Aux cris demi formés de leurs voix expirantes,Au spectacle effrayant de leurs cendres fumantes,Direz-vous: C'est l'effet des éternelles lois,Qui d'un Dieu libre et bon nécessitent le choix?Direz-vous, en voyant cet amas de victimes:Dieu s'est vengé, leur mort est le prix de leurs crimes?Quelle crime, quelle faute ont commis ces enfansSur le sein maternel écrasés et sanglans?Lisbonne, qui n'est plus, eut-elle plus de vicesQue Londres, que Paris, plongés dans les délices?Lisbonne est abîmée, et l'on danse à Paris.

Igualmente se niega, aunque no en términos, a consolarse con el reflejo de que, a falta de una mejor, la actual teoría desigual del gobierno providencial del universo, porque puede ser posible, debe ser cierta. No puede encontrar respuesta, y confiesa su creencia de que el esfuerzo humano no puede encontrar respuesta. Cualquier lado que tomemos, solo podemos estremecernos; no hay nada que sepamos, nada que no tengamos que temer.
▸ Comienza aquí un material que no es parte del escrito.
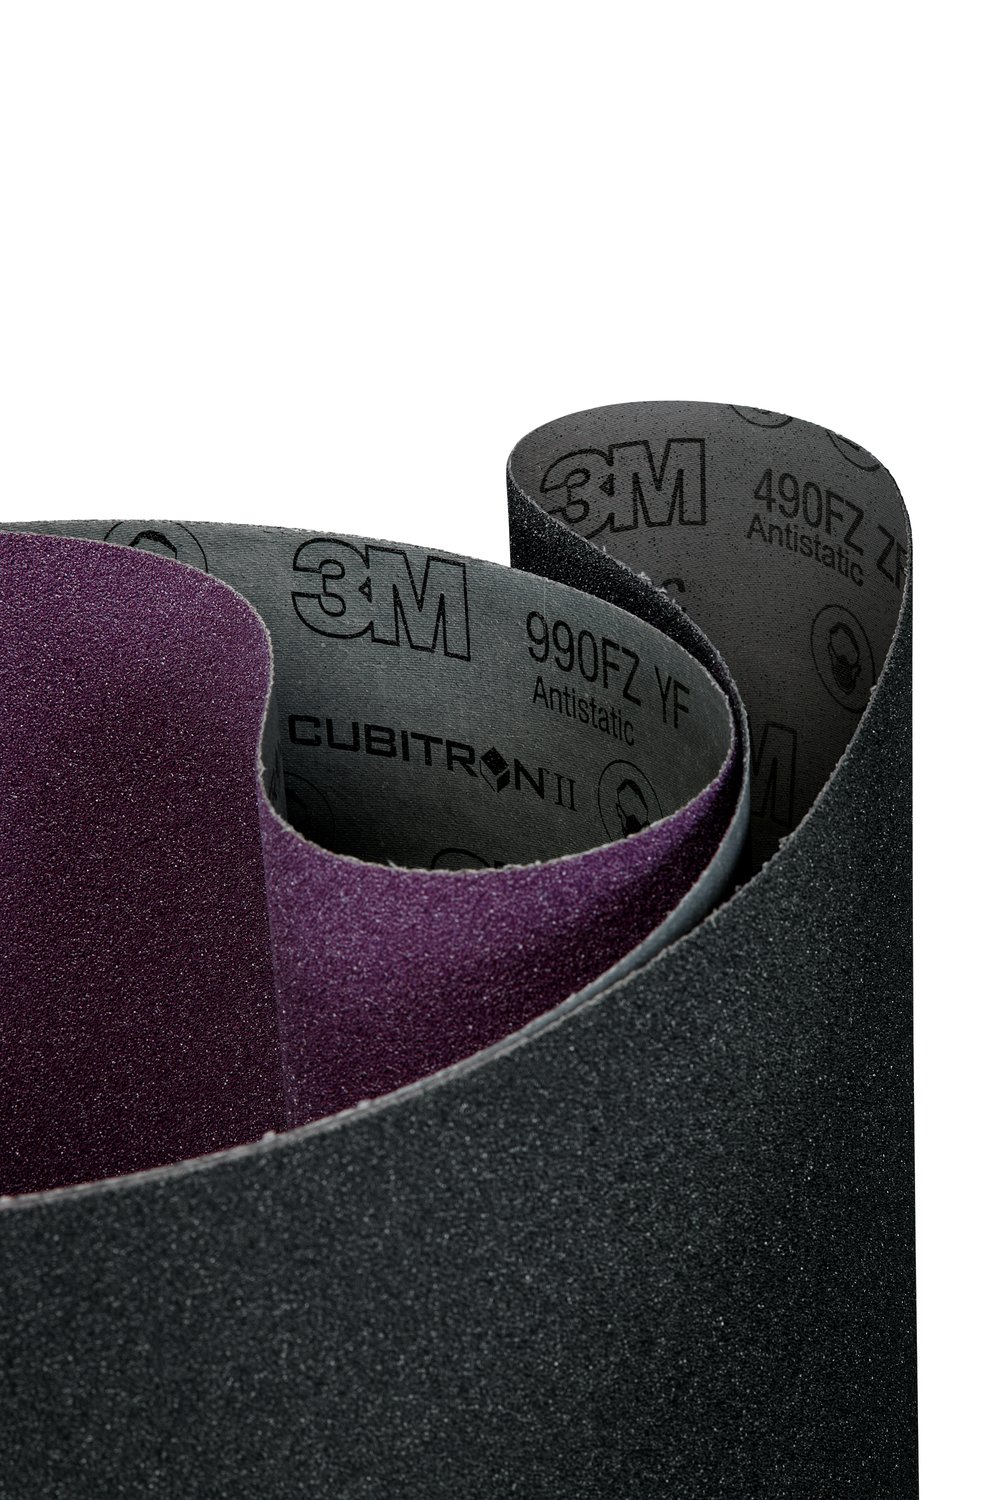 7010513981 - 3M SiC Cloth Belt 490FZ, P120 YF-weight, 25 in x 75 in, Film-lok,
Single-flex

La naturaleza es muda, y la interrogamos en vano; el libro del destino está cerrado a nuestros ojos.
L'homme, étranger à soi, de l'homme est ignoré.Que suis-je? où suis-je? où vais-je? et d'où suis-je tiré?Atomes tourmentés sur cet amas de boue,Que la mort engloutit, y no le sort se joue,Mais atomes pensans, atomes dont les yeux,Guidés par la pensée, ont mesuré les cieux,285Au sein de l'infini nous élaçons notre être ,Sans pouvoir un moment nous voir et nous connaître.*****Le passé n'est pour nous qu'un triste souvenir;Le présent est affreux, s'il n'est point d'avenir,Si la nuit du tombeau détruit l'étre qui pense.

Él abandona a Platón y rechaza a Epicuro. Bayle sabe más que ellos, ya que, con el equilibrio en la mano, enseña a los hombres a dudar; lo suficientemente sabio, lo suficientemente grande, para estar sin un sistema.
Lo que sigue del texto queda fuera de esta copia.